Illustration 6: Results Dataset, Optimized
CrossJoin() Query
3.
Save the query
as MXAS11-4.
Through
this small exercise, we have illustrated the dramatic performance gains that
can be obtained by simply rephrasing a query. To summarize the approach, we
might keep in mind that we can replace complex CROSSJOIN() statements
with a GENERATE() and CROSSJOIN() combination, as we have
demonstrated above. The following general rule summarizes the approach:
CrossJoin (X,Y) =
GENERATE(X, CrossJoin(X.CurrentMember, Y)
Or
CrossJoin (X,Y) =
GENERATE (CrossJoin(X,Y.CurrentMember), Y)
Let's
take a look at another scenario, where the objective of our query is the
summation of two measures, Units Shipped and Warehouse Sales, for
a given set of products, stores and warehouses (all products, in all non-U.S.
stores and warehouses, in our example). We can approach the query in a couple
of ways, using calculated measures to effect the summations.
Let's
create a straightforward query first, where we create calculated members that
we combine with the measures we seek to obtain the correct calculations.
Now,
let's run the query and note the results.
2.
Execute the query
using the Run Query button.
The
results dataset appears as depicted in Illustration 7.

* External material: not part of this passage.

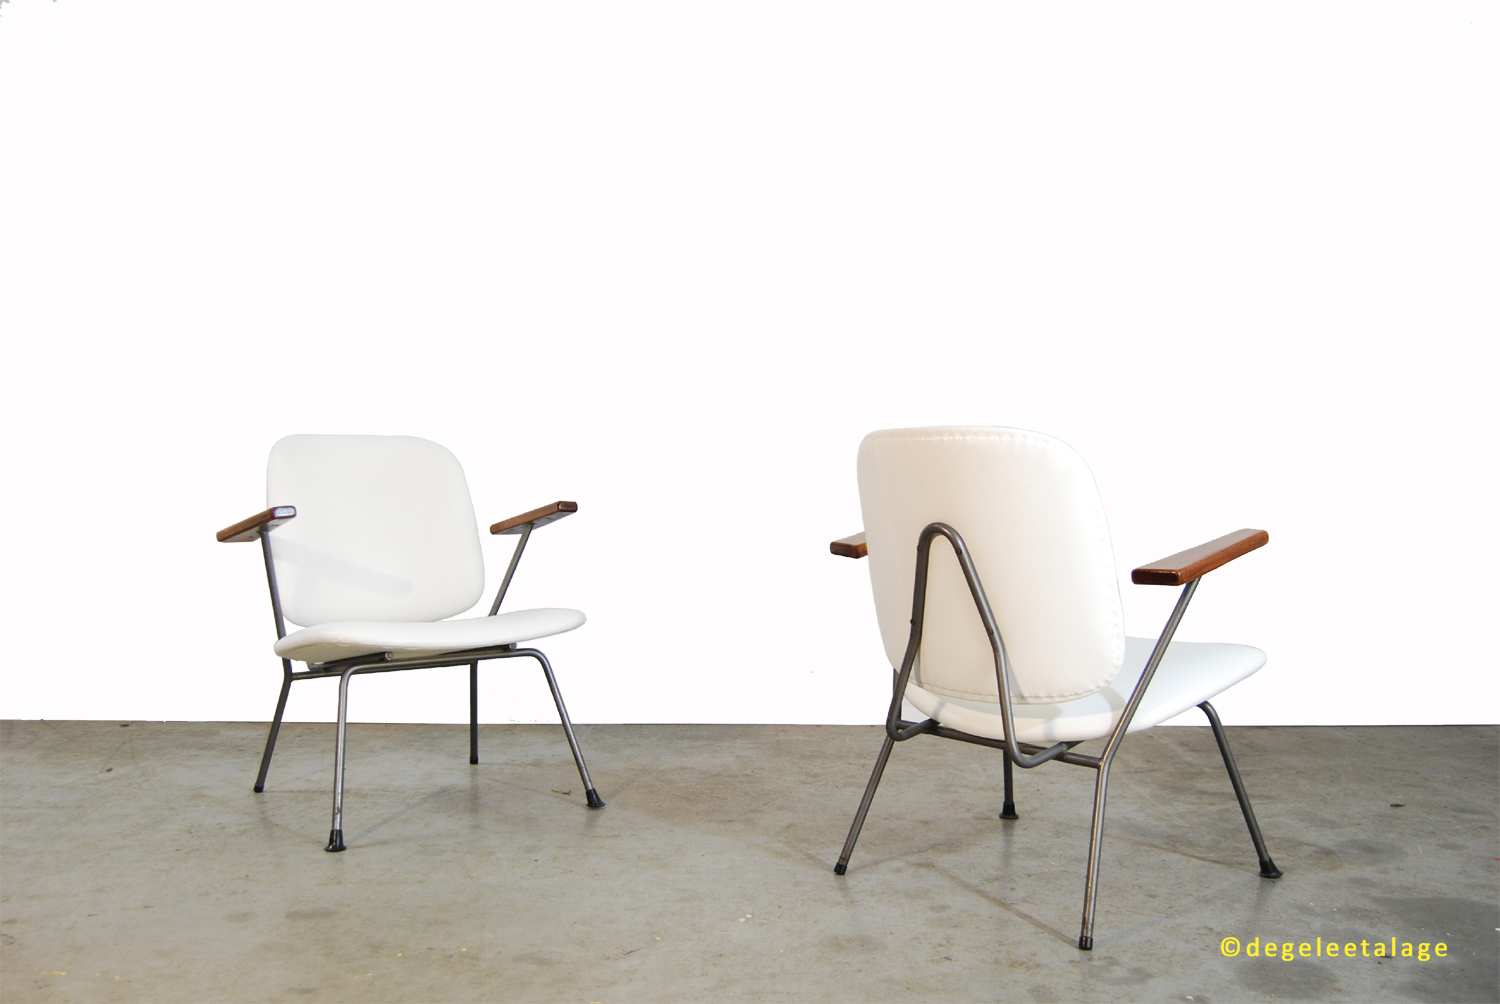 Omleiden draagbaar Bedachtzaam Vintage industriële design fauteuil / Kembo Gispen / 1950s / industrial  easy chair | DE GELE ETALAGE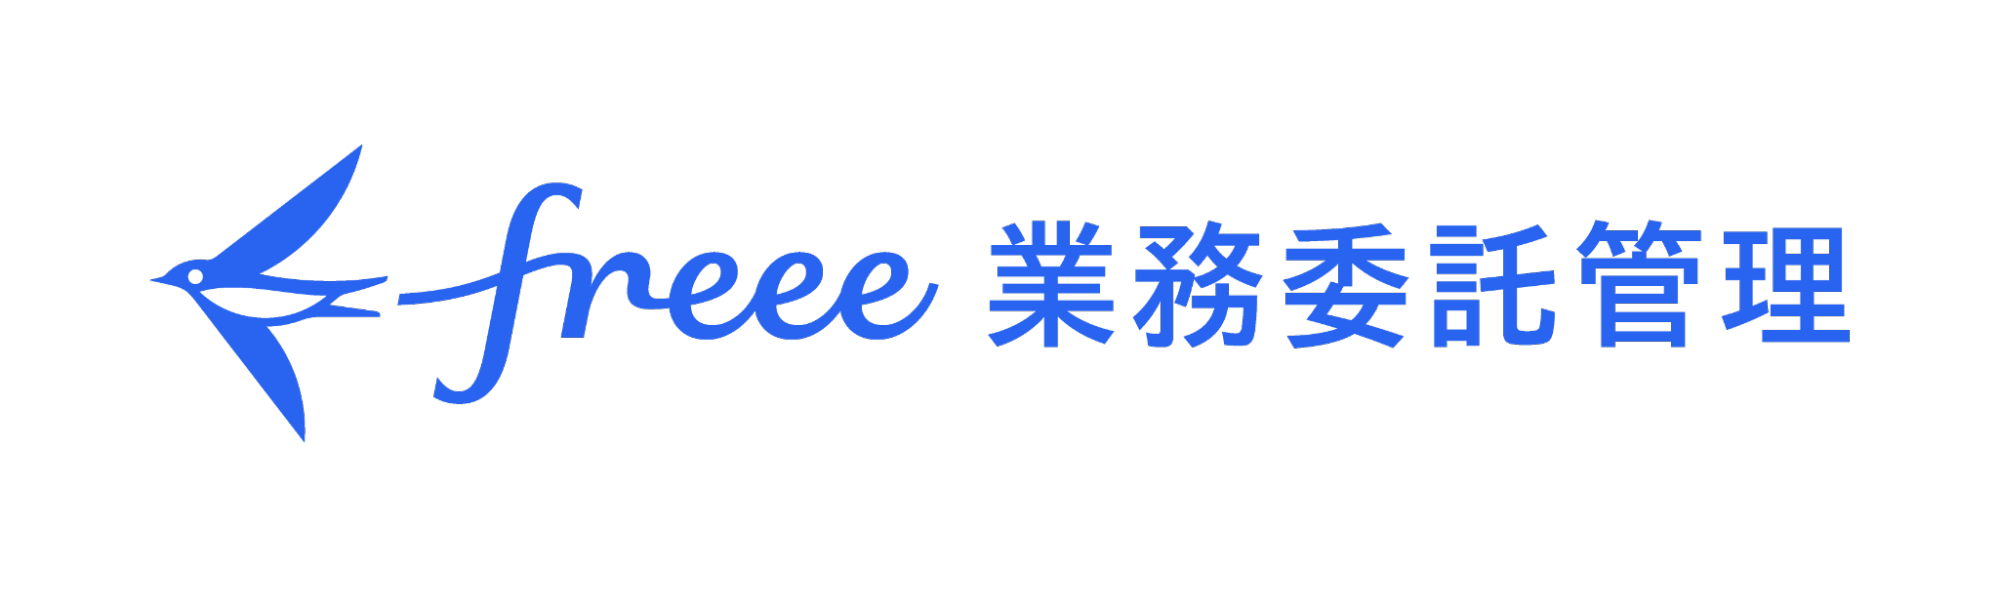 freee業務委託管理ロゴ画像

Illustration 7: Results Dataset, Pre-Optimized
Summation Query
3.
Save the query
as MXAS11-5.
Now
let's consider another approach to obtaining the same objective. This time, we
will place each set of calculation logic into a respective calculated measure.
4.
Create the
following new query:
-- MXAS11-6: Optimized Set Operation # 2
WITH
MEMBER [Measures].[Total Units Shipped] AS
'SUM (
{[Warehouse].[All Warehouses].[Canada], 
[Warehouse].[All Warehouses].[Mexico]},
SUM (
{[Store].[All Stores].[Canada],
[Store].[All Stores].[Mexico]},
SUM (
{[Product].[All Products].[Drink],
[Product].[All Products].[Food]},
[Measures].[Units Shipped]
)))'
MEMBER [Measures].[Total Warehouse Sales] AS
'SUM (
{[Warehouse].[All Warehouses].[Canada],
[Warehouse].[All Warehouses].[Mexico]},
SUM (
{[Store].[All Stores].[Canada] ,[Store].[All Stores].[Mexico]},
SUM (
{[Product].[All Products].[Drink],[Product].[All Products].[Food]},
[Measures].[Warehouse Sales]
)))'
SELECT
{ [Measures].[Total Units Shipped],
[Measures].[Total Warehouse Sales] } ON COLUMNS,
{[Time].[1998]} ON ROWS
FROM Warehouse
Again,
we will run the query and observe the results.
5.
Execute the
query using the Run Query button.
The
results dataset appears as shown in Illustration 8.
Illustration 8: Results Dataset, Optimized
Summation Query
6.
Save the query
as MXAS11-6.
We
note that the results are identical for the two approaches to the query (with
the exception of the rounding of the Warehouse Sales amounts and the
measure names, either of which could be adjusted, were they significant
concerns). The second approach, however, performs appreciably better, as would
be evident were the query extracting a much larger amount of data from a
real-world data source. The following general rule summarizes the use of the
commutative nature of the SUM function (and applies equally to the MAX,
MIN, and TopCount() functions):
SUM (CrossJoin (X,Y), b) =
SUM(X, SUM(Y, b))
In
both the examples of performance enhancements we have explored above, and in
any other potential performance enhancement scenario we might contemplate, we
would need to consider the cost / benefit tradeoffs, actual performance metrics
against different sources, and whether the differences in performance are too
negligible to devote much time to attempting to increase performance further.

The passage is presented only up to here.